When I first read the post, I immediately thought to myself, this guy doesn't feel rich because he probably owns at least two luxury cars and a McMansion in a very wealthy suburb of Chicago with more space than his family actually needs. In short, I could tell from the blog post that like so many lawyers who win the job lottery and end up in Biglaw or teaching at a top law school, this professor and his family spends well beyond their means even when they earn more than most of us could ever dream of.

The Legal Dollar proves that my initial conclusion about this law professor to be correct with a post that explains the full story behind this professor's lifestyle and the total amount of student debt he and his wife still have 12+ years after graduating from law school. This professor and his wife still owe more than $500k in student loans. Don't feel sorry for them. They should have spent their first several years out of school focused on paying off their loans instead of taking out more loans for their McMansion, but that is a mistake that many Americans have made. I have heard so many stories of seemingly upper-middle class families who lose everything because most of what they have was bought with credit cards and loans. I personally know people who make $100k but still struggle to pay the bills because they HAVE to have that nice apartment in Manhattan even if it means paying triple the amount of a smaller apartment in Jersey or the Bronx:
...Some commentators have been critical of the Professor, but let's take a
look at his situation as a way for young associates and those considering law
school to gain insight into what their life will be like if they are lucky
enough to win the law school lottery and earn top dollar. I previously
talked about why 145K/year does not go as far as new law grads think it will, but now we can get an example of what life is like for a lawyer more than 10 years out of law school.

First, read the articles linked above and let's set the context. The Professor is a 1998 graduate of law school and spent time at Kirkland & Ellis (which typically pays top dollar.) He is also married to a doctor who apparently also makes at least a $100K/year contribution to the home.

The first thing that I note is that although the Professor has been out of
law school for 12+ years and spent time at K&E, he and his wife still have
more than $500,000 worth of student loans.

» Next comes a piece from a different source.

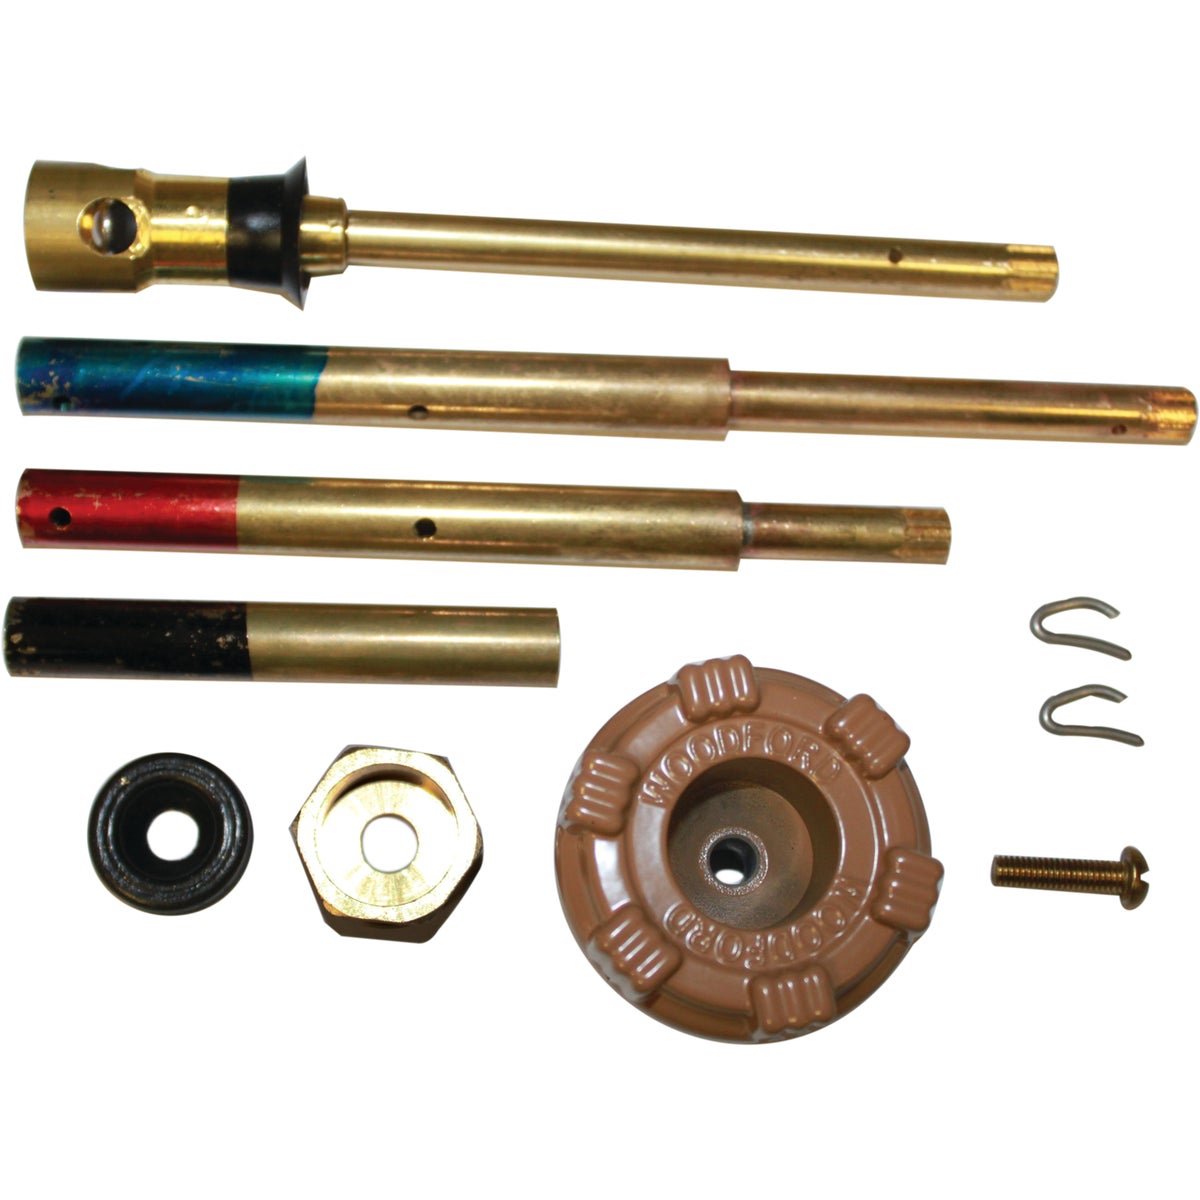 Woodford Wall Hydrant Rod & Pressure Relief Valve Repair Kit (10-Pieces)

We don't know the exact split
of who brought what debt to the marriage, but the existence of the debt even
after 12 years in practice should help disabuse law students of the unrealistic
idea that they will somehow just "pay back their student loans in 3 years or
so." Here's someone making top dollar with a wife working a high-paying
job and they still have $500K in loans after 12 years - yikes!

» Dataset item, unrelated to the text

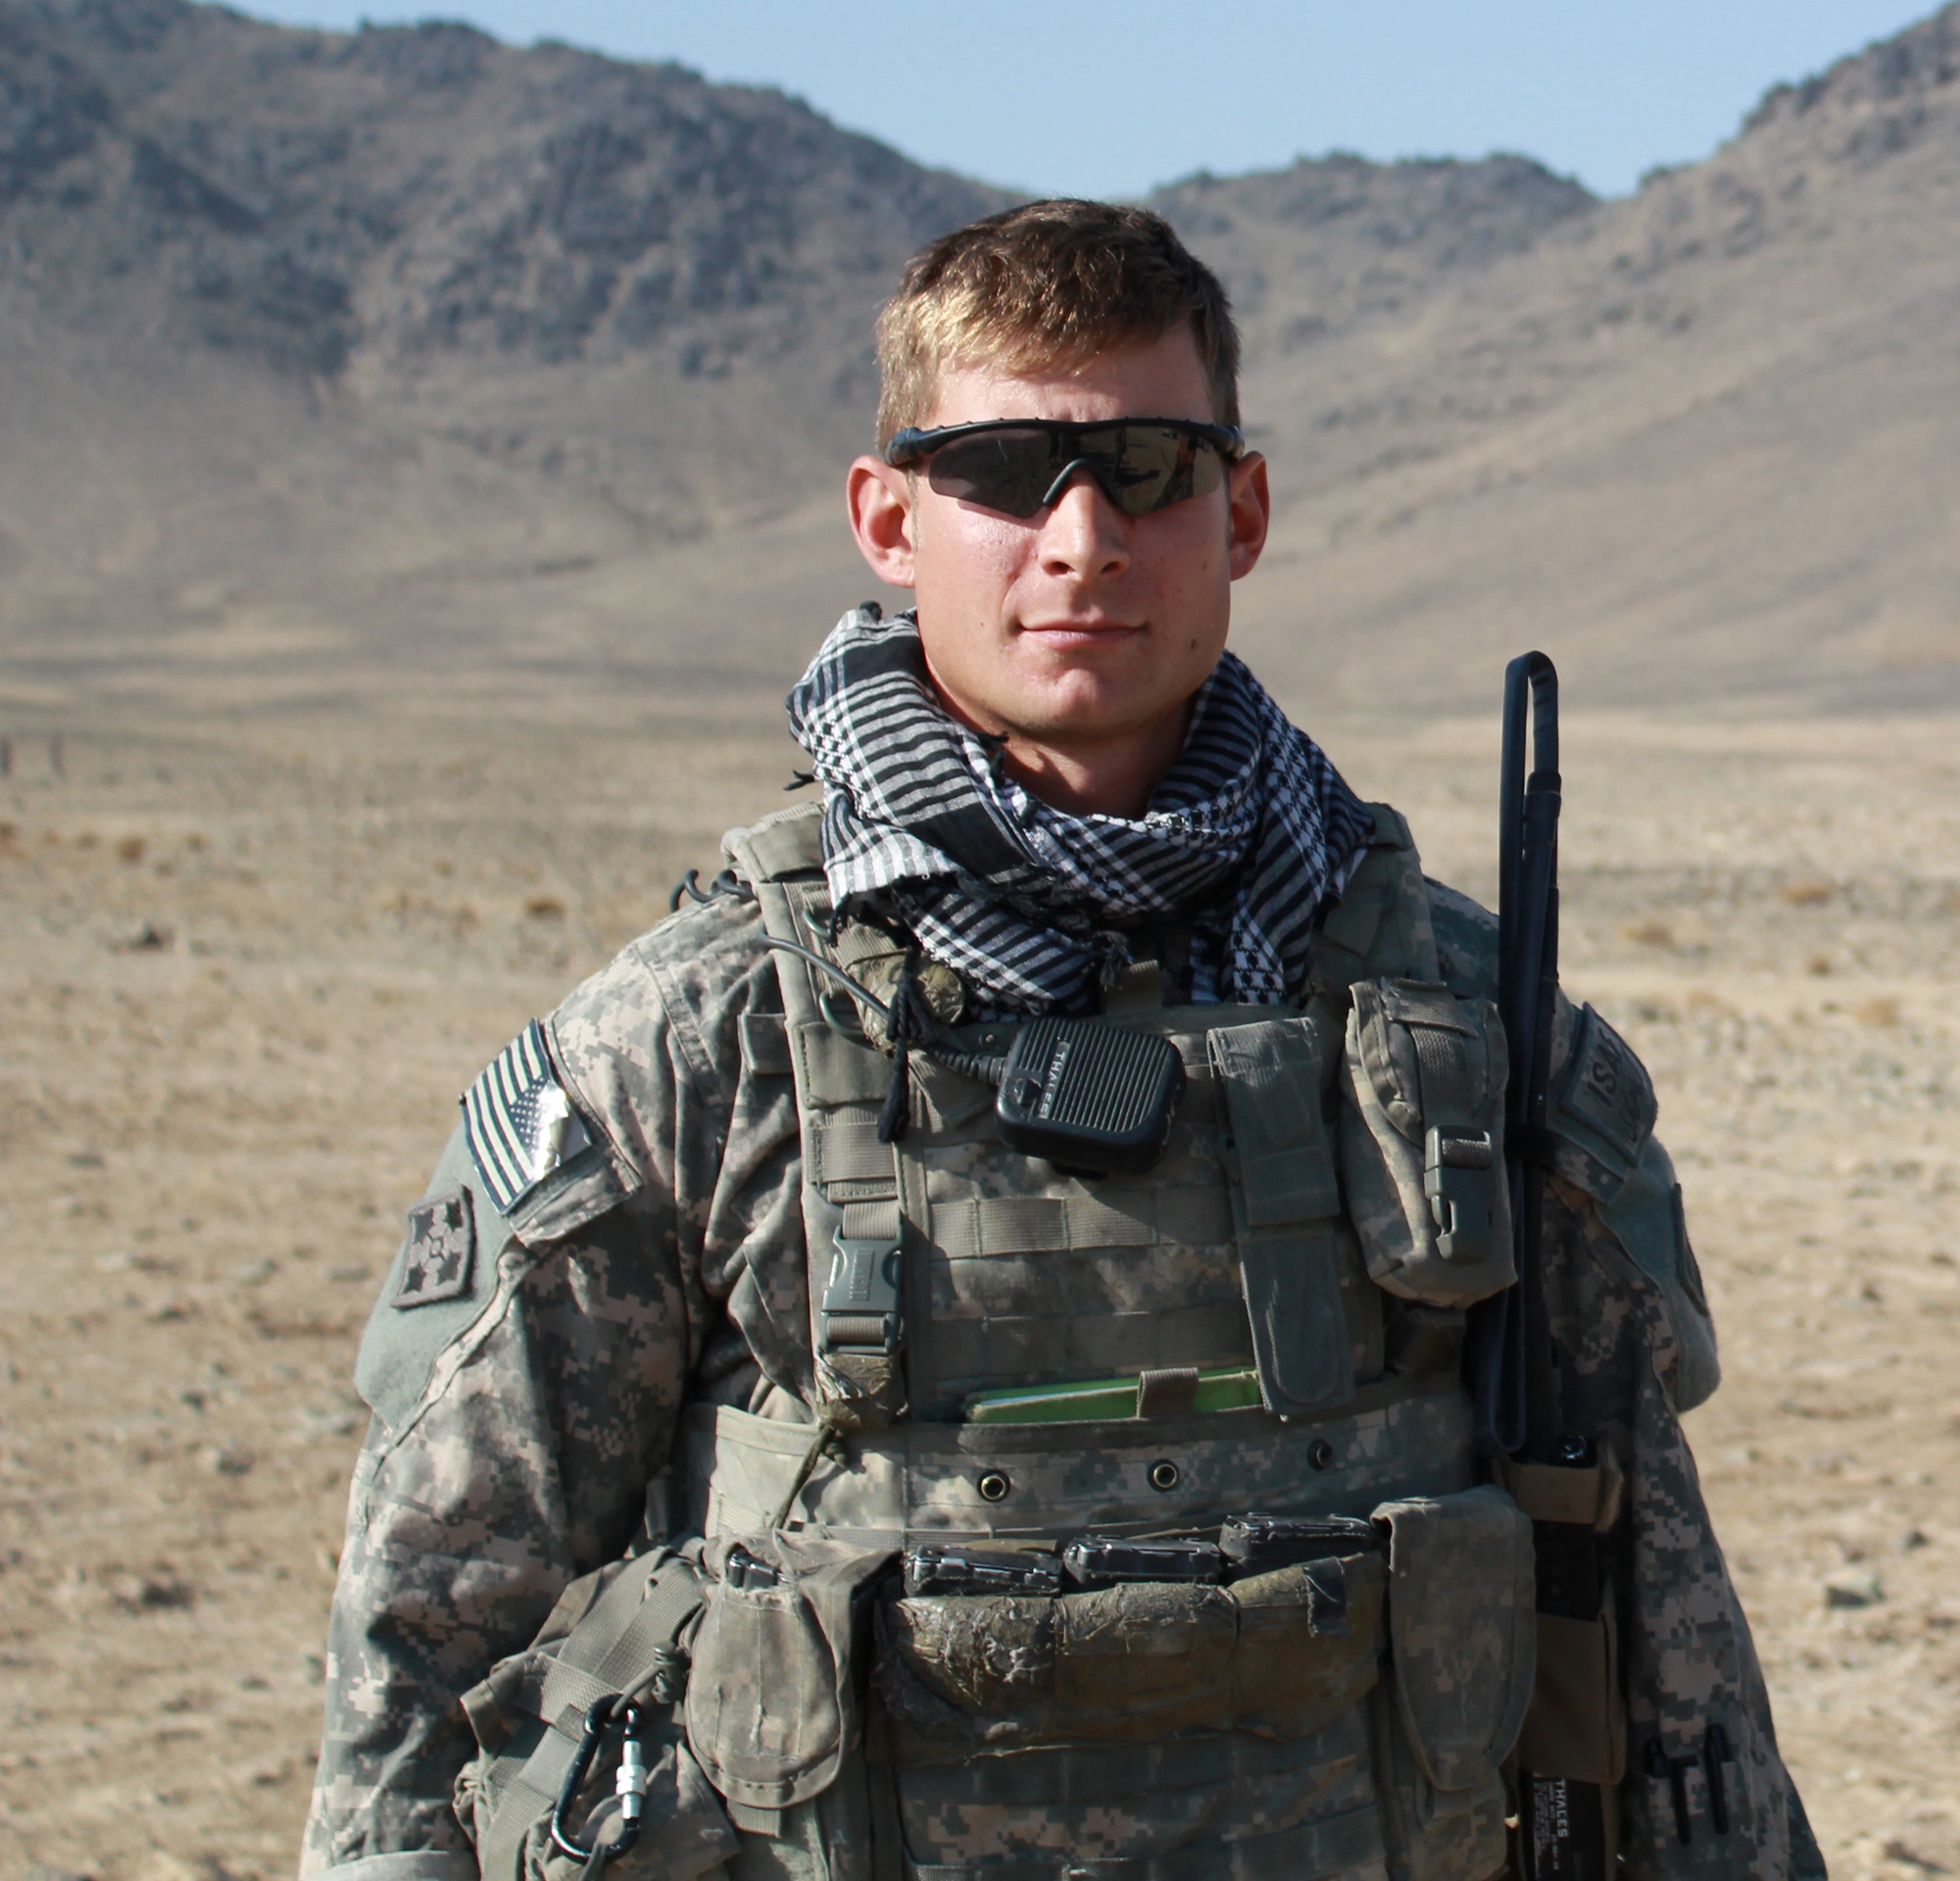 Jason Hartwig wearing military fatigues standing in a valley while deployed on duty.

For $500K in loans, assuming an interest rate of about 6.8%, they pay
$34K/year after taxes (most likely about $51K/year pre-tax) IN INTEREST
ALONE! It's hard to know what the actual total payments are, but figure an
additional 20K/year after taxes has to go to principal (about 30K before
taxes.) This means that about $80K of their pre-tax income goes to loan
payments.

What's my point? Student loans are just a monkey on your back that you will be carrying for decades. The Professor has been carrying his for 12+years - and will probably be carrying it for 20 more. For those considering law school, recognize that this means you - even if you win the "good job lottery" that is harder and harder to win these days.

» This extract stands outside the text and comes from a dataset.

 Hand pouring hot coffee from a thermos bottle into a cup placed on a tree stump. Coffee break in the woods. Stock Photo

Second, we note that the single biggest expense for the Professor and his
wife are TAXES! More than $100K/year. In my experience, potential law students - and even young associates - are consistently underestimating just how big a bite taxes take as your income increases. For example, remember those things like personal exemptions and loan interest deductibility that you get to deduct at lower incomes? Well, they disappear when you go higher. Also, the Alternative Minimum Tax (AMT) starts to take a much bigger bite. But it's not just federal income tax - it's state income tax, Social Security, and Medicare taxes (FICA), too. Right now these probably consume about +40% of the Professor's income.

...Third, the last thing that struck me about the articles is that the Professor mentions that his second biggest expense is his mortgage - and that it is less than $100K/year, but more than his student loan payment - and that his property tax is about $15K/year. According to Bankrate, the P&I payment on a $1.5M home loan over 30 years at 5% is about $96K/year. $80K represents about a $1.3M home loan.

Also, I am generally familiar with the Chicago real estate market and (although some suburbs deviate and are more expensive) a home that requires about $15,000/year in property tax probably costs somewhere in the $1.2-1.7M range.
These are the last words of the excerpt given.